Here, we demonstrate that treatment with CSS reduces the development of clinical signs and the degree of joint injury in CIA model. Moreover, reduced inflammatory cells infiltrate in the joints of treated animals with type II collagen was occurred due to down-regulation of pro-inflammatory cytokines and chemokine receptor in synovial tissues [16]. All of these findings support the view that CSS attenuates the degree of arthritis and joint damage caused by collagen in this model.
In RA, osteoclasts abnormally activated due to interaction with synovial fibroblasts and helper T cells and, in turn induce bone destruction. In our findings, a reduction in the clinical scores of joint inflammation and joint erosion were in agreement with the result of trial in which the green tea polyphenol epigallocatechin-3-gallateas a potent antioxidant improves autoimmune arthritis by both regulation of TH17 regulatory cells and inhibition of osteoclasts development [17]. Moreover, there is more evidence that polyphenols in green tea, particularly EGCG, inhibit matrix metalloproteinase activity which plays a fundamental role in pathogenesis of many diseases such as RA [18]. Although, joint erosion in CSS-fed animals reduced, the level of significance in the radiological index of the joints in treated rats compared to control could not be achieved. It might be attributed to numerous factors including the number of animals in each group and the delay in treatment schedule.

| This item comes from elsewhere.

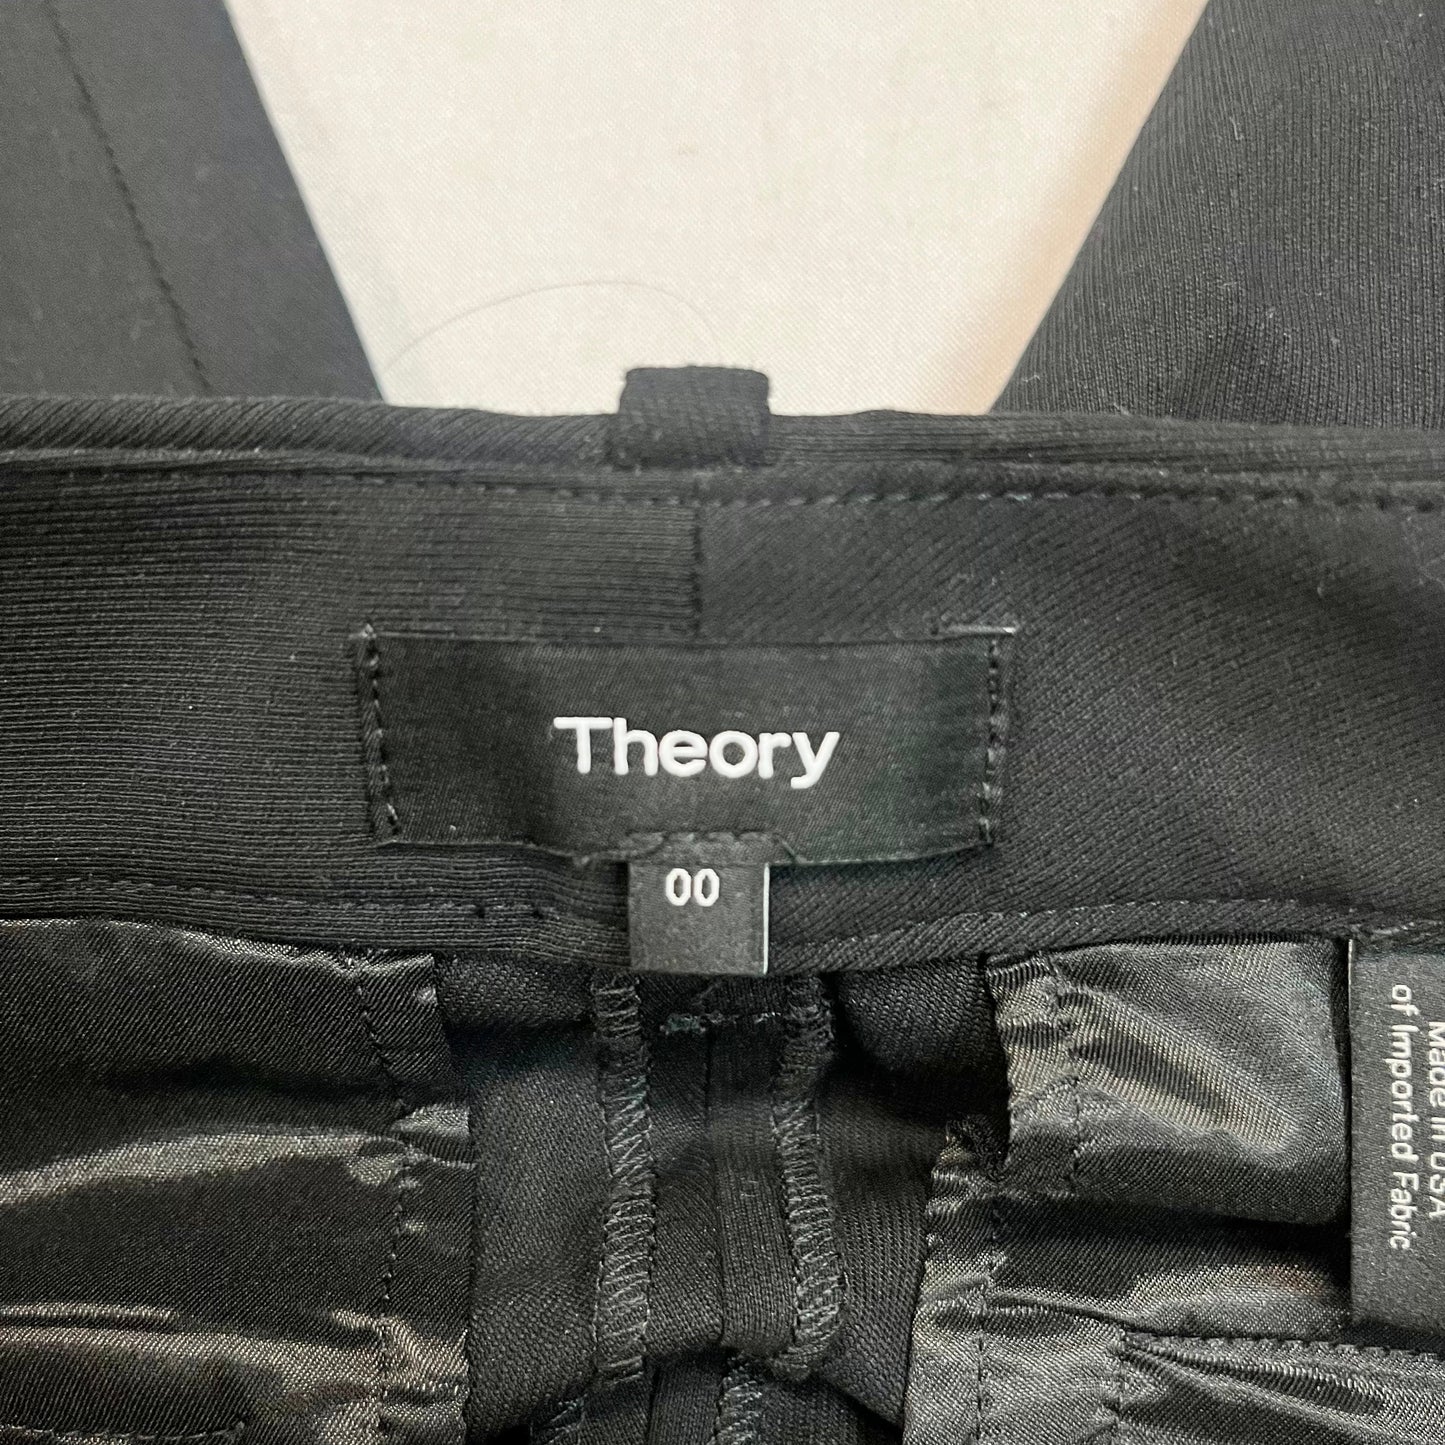 Shorts By Theory Size: 00
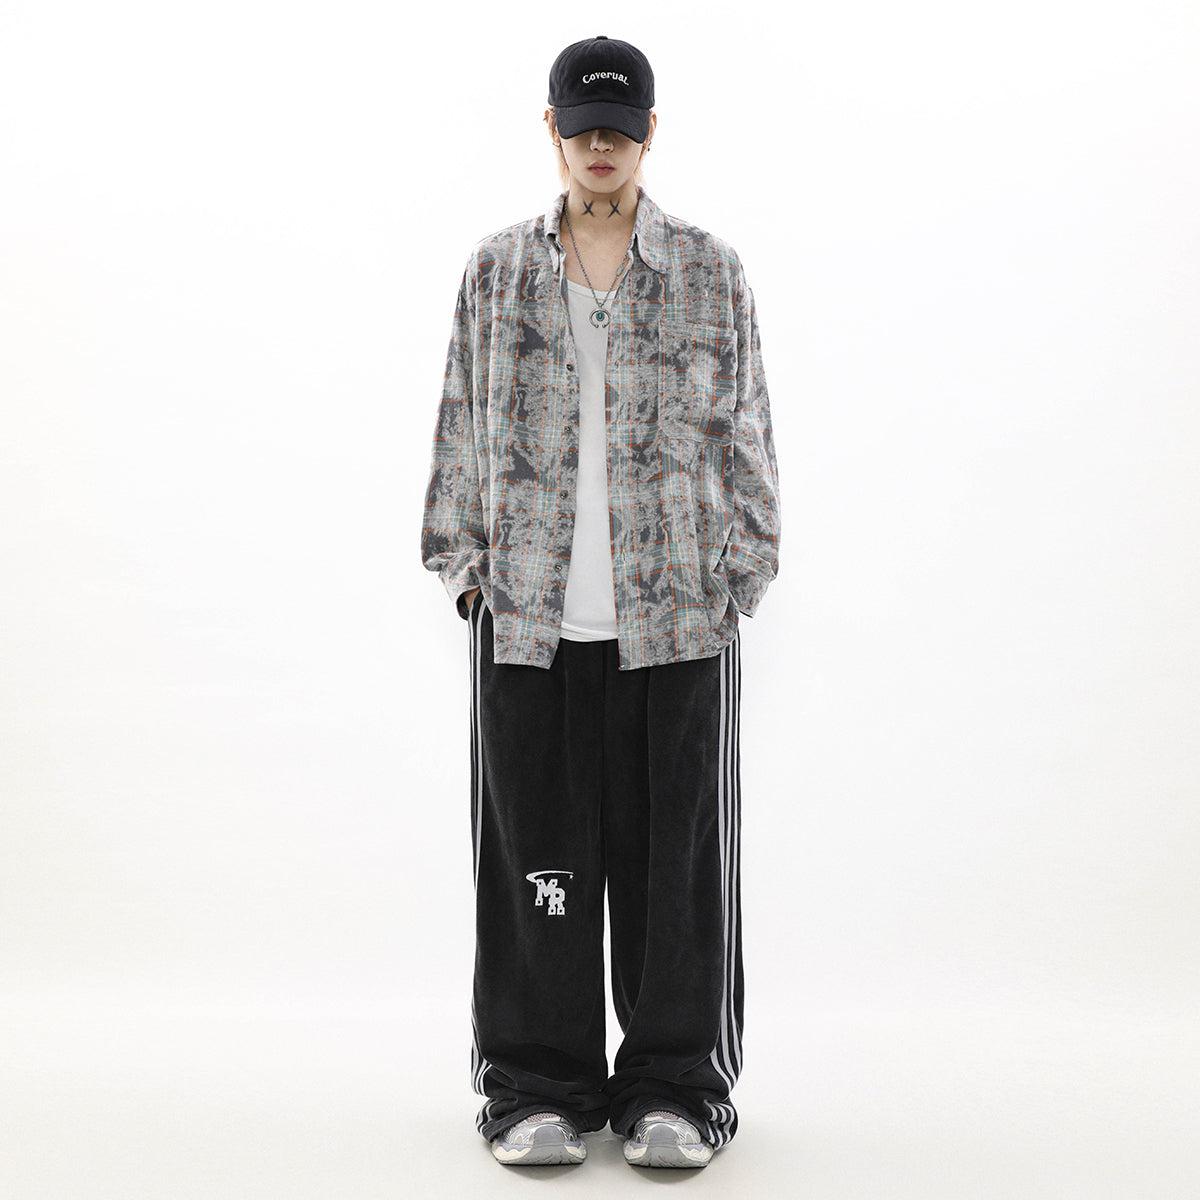 Mr Nearly Casual Plaid Long Sleeve Shirt Korean Street Fashion Shirt By Mr Nearly Shop Online at OH Vault

To investigate the anti-telomerase effect of CSS, we used the synovial fibroblasts. Synovial cells proliferate and transform the normally synovium into an invasive pannus. This architecture creates a hypoxic microenvironment and, in turn, through the increased production of reactive oxygen species induce inflammation [19]. Since, these cells contribute to chronic inflammatory responses in RA. Data obtained from telomerase assay exhibited that CSS induced reduction of telomerase activity compares with control group. Since the regulatory role of telomerase on cell proliferation has been recognized, its inhibition by various molecules has been considered by many investigators as a new approach for cancer therapy. Moreover, the crucial role of telomerase activity in other feature of neoplastic phenotype like invasion, apoptosis resistancy and so on were determined in some cancer models. Based on the presence of two E-box boxes on the hTERT gene promoter which are the binding sites of transcription factors like c-Myc, the activation of telomerase was controlled [20, 21]. Wang et al. [22] found that c-Myc protein level was significantly decreased after EGCG treatment, which was accompanied by the reduction of the telomerase activity. However, molecular mechanisms by which CSS induces reduction of telomerase activity are thus still called for.
In conclusion, we show that CSS effectively suppresses collagen arthritis and, a potent inhibitory effect on telomerase activity and based on its high tolerability, it can be recommended for long-term administration, in the future investigations.